Security was high, amid fears that the violence plaguing Iraq could spill over into the exile communities around the world during the vote.
Private security guards frisked people entering the polling center in Syria, X-ray machines and metal detectors were deployed in Australia and in the Copenhagen suburb of Taastrup, heavily armed police checked voters as they wound their way through concrete blocs on the road leading to Denmark's only polling station.
Some voters wore traditional Iraqi costumes under heavy winter coats as they waited in temperatures of about 30 degrees outside Scandinavian polling stations.
Not all Iraqis supported the election, however. A group called the Iraqi Committee for Women's Rights set up a table near a polling station in Stockholm, Sweden, and urged people to boycott the election.
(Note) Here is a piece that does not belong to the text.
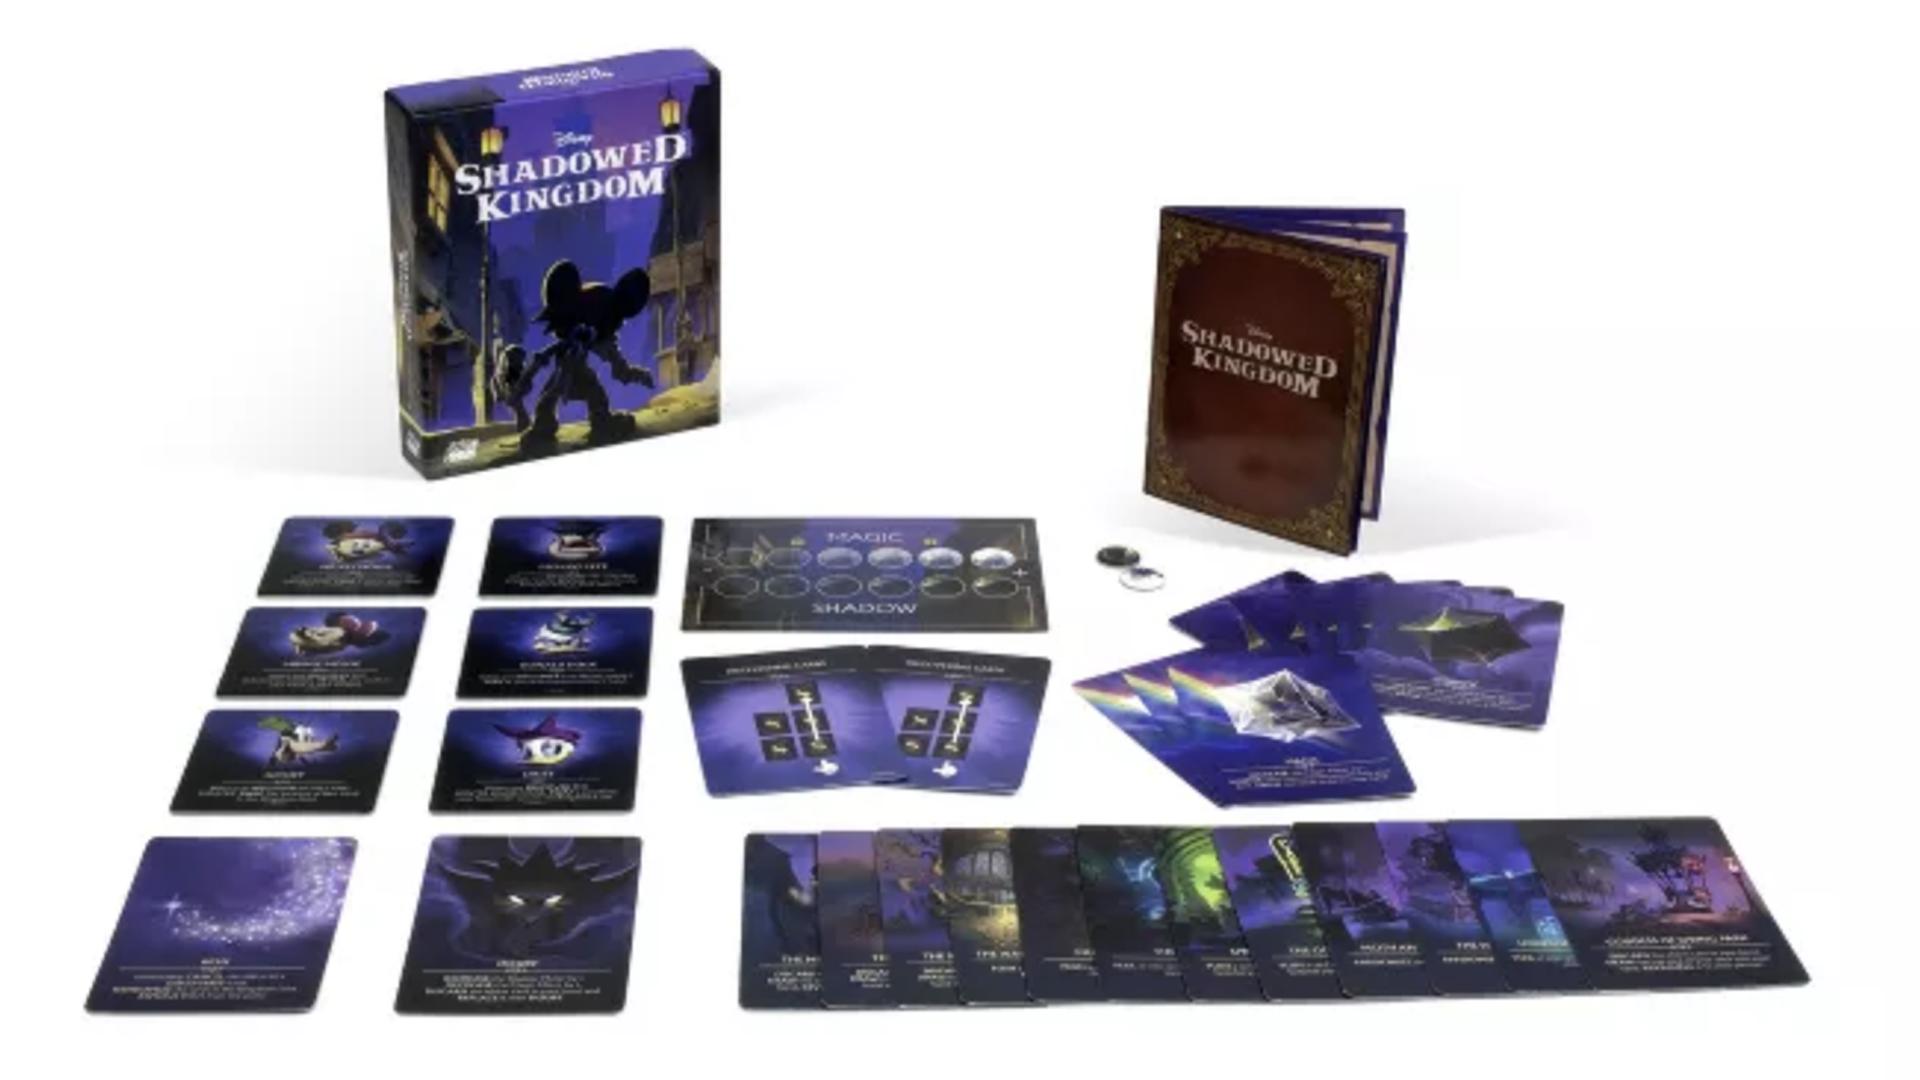 disney-shadowed-kingdom-board-game-layout.png

"This election is false," said Halala Rafi, who heads the committee. "It's only being held to justify the occupation" by U.S.-led forces.
The protesters did not sway many voters, however; some walked by the committee's table defiantly raising their index fingers smeared in a purple ink showing they had voted.
Australia was the first to begin collecting ballots due to its time zone. Expatriate voters can cast their ballots through Sunday, when those in Iraq will go to the polls to choose a 275-member national assembly that will draft a constitution and elect a president over the next year.
"Iraqis are finally expressing themselves. It is a victory for all the dead that Saddam Hussein killed," said Falastin Saheb, 25, an Iraqi who has been living in Syria for two years and is running a polling center in Rukn el-Din, a Kurdish neighborhood of Damascus.
Banners outside the center read: "Let us hear your voice."
In the Detroit suburb of Southgate, guards were checking IDs at the abandoned store-turned-polling place. Inside, an oversized, homemade Iraqi flag hung from the ceiling. We feel happy now. This is like America, this voting," said Zoha Yess, 64. "We want fair, good government."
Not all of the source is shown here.